======== Records supplied ========

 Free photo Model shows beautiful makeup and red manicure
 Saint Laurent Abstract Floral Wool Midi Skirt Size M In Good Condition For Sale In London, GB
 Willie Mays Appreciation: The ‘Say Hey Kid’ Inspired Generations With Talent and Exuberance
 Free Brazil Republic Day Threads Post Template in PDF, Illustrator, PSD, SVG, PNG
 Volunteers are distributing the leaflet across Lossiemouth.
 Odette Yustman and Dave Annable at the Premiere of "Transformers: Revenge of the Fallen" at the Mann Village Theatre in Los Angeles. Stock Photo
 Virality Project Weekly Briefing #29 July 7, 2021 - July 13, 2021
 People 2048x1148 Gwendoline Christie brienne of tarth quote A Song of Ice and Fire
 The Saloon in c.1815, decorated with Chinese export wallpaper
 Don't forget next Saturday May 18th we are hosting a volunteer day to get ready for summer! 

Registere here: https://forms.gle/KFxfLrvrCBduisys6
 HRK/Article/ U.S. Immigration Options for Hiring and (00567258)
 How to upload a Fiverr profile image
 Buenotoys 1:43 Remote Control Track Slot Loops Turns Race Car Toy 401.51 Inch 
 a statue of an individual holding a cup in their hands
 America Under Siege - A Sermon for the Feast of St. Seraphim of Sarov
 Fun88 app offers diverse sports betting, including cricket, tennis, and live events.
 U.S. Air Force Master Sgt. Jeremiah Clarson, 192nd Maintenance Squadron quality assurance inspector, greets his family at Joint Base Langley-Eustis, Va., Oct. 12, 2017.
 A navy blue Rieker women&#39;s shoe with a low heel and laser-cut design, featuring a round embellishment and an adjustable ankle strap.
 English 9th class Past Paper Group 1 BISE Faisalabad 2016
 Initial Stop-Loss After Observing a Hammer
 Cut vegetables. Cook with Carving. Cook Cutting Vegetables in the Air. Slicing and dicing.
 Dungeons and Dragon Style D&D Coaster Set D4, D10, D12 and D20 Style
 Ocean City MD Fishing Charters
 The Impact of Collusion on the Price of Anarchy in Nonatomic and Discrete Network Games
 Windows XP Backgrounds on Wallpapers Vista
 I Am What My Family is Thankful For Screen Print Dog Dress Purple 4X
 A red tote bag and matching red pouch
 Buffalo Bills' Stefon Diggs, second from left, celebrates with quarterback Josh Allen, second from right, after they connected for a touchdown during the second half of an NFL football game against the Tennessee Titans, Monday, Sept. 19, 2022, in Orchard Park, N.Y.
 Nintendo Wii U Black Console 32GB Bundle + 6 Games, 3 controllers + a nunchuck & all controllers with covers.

========

Work instructions: Report, from the entries above, each line where "Games" is found.

Task output:
 The Impact of Collusion on the Price of Anarchy in Nonatomic and Discrete Network Games
 Nintendo Wii U Black Console 32GB Bundle + 6 Games, 3 controllers + a nunchuck & all controllers with covers.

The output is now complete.